Beginning with the line where "T-shirt branca com" appears, set down each line exactly until the records below end, and omit the pictures.

**** LISTED ENTRIES

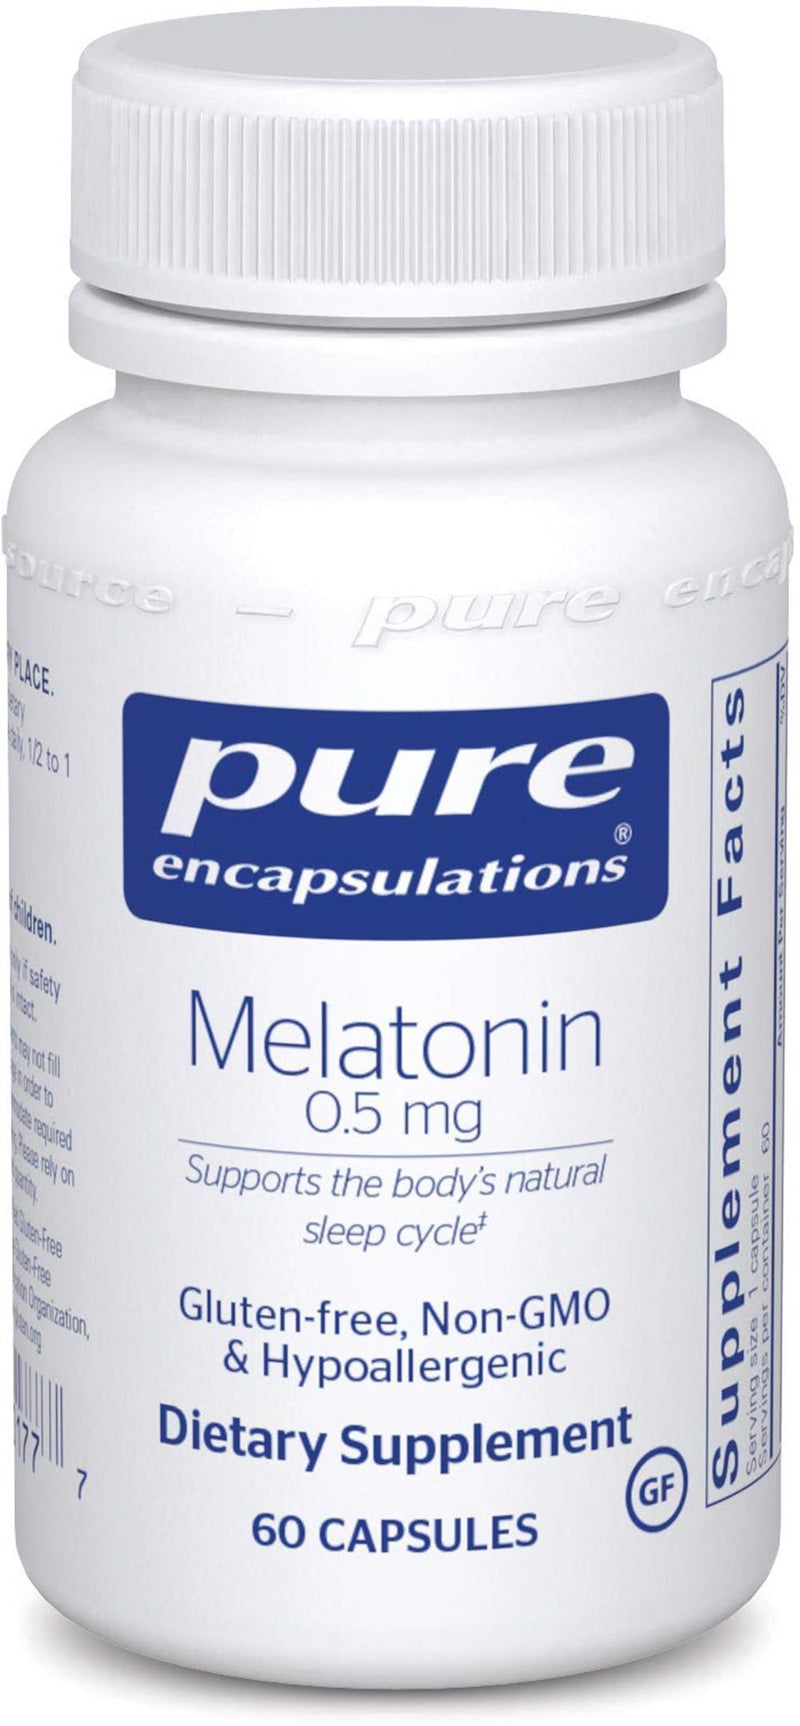 Pure Encapsulations Melatonin 0.5 mg -- 60 Capsules
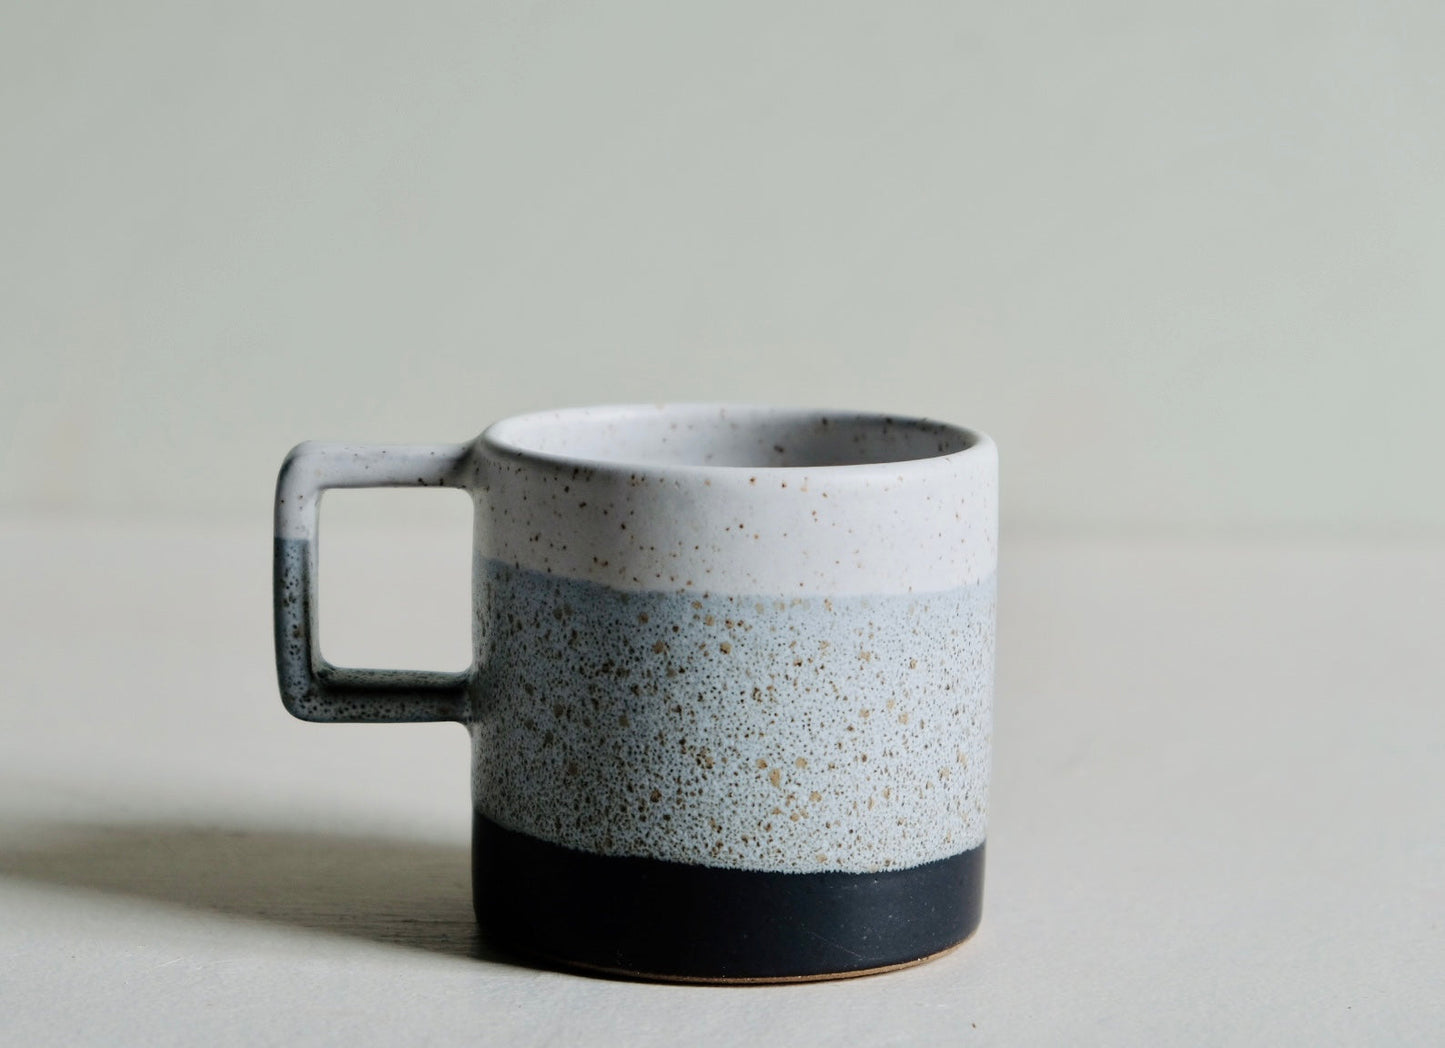 A handmade ceramic mug dipped in a luminous black, grey, and white speckled glaze
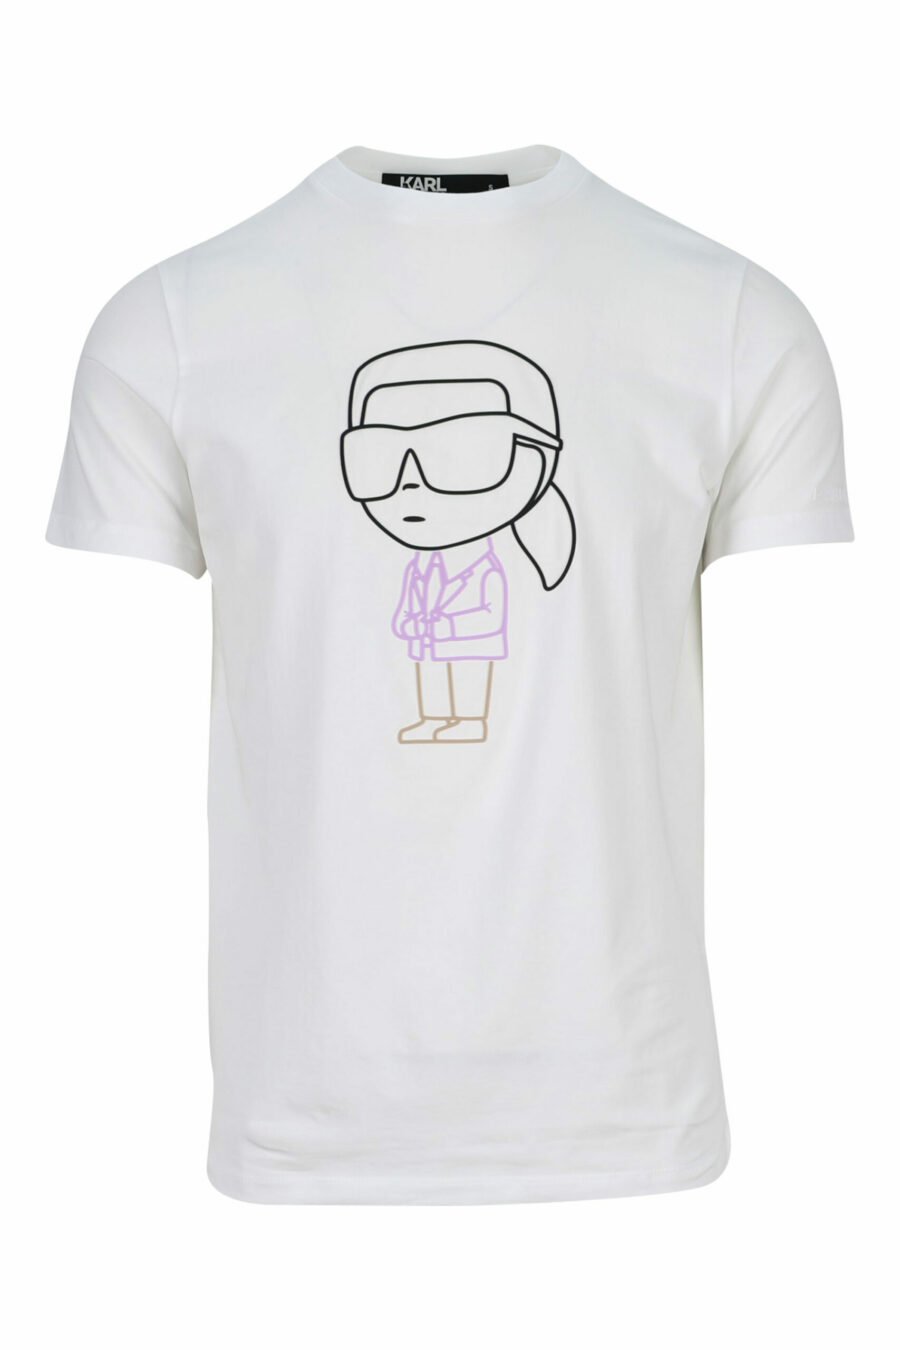 T-shirt branca com maxilogo "karl silhouette" multicolorido - 4062226400701 1 scaled
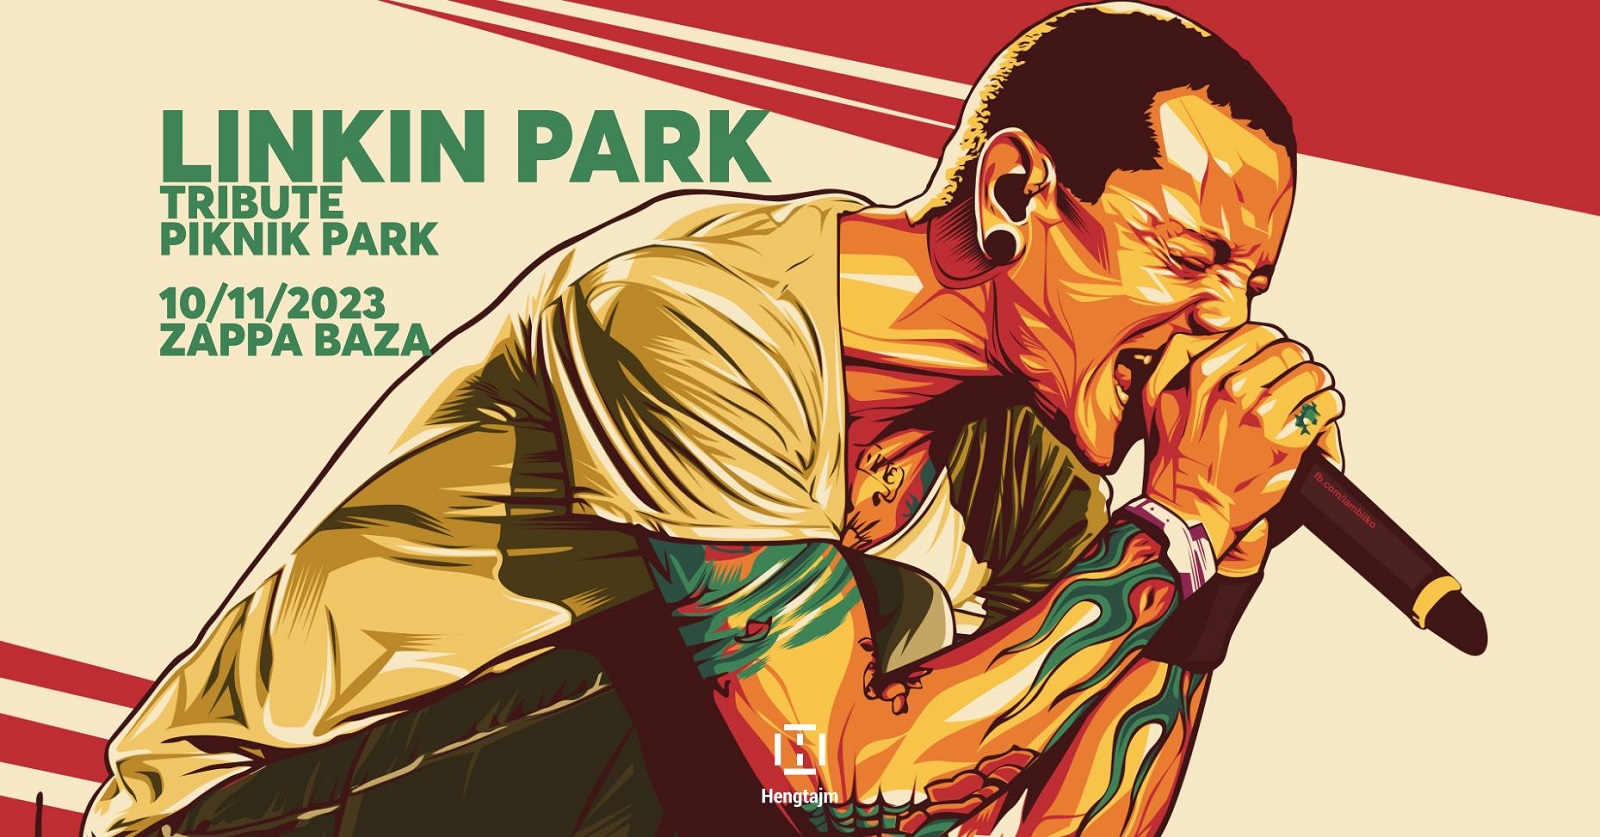 Linkin Park tribute // Zappa Baza
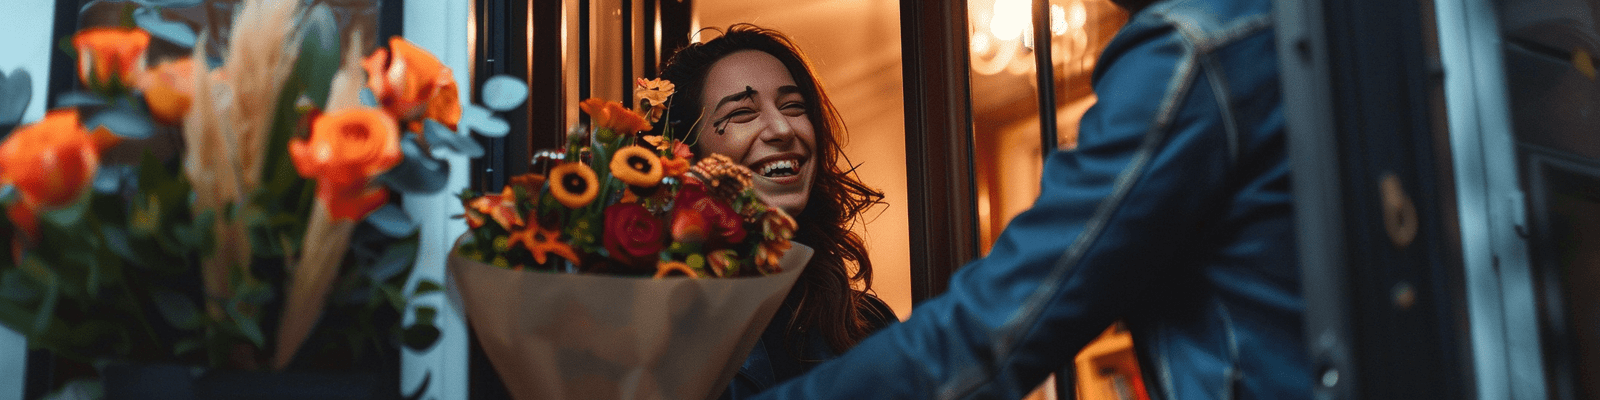 florist delivering flowers to a joyful recipient-min

********

RESULT FOR THIS TASK
 T-shirt branca com maxilogo "karl silhouette" multicolorido - 4062226400701 1 scaled
 Linkin Park tribute // Zappa Baza
 florist delivering flowers to a joyful recipient-min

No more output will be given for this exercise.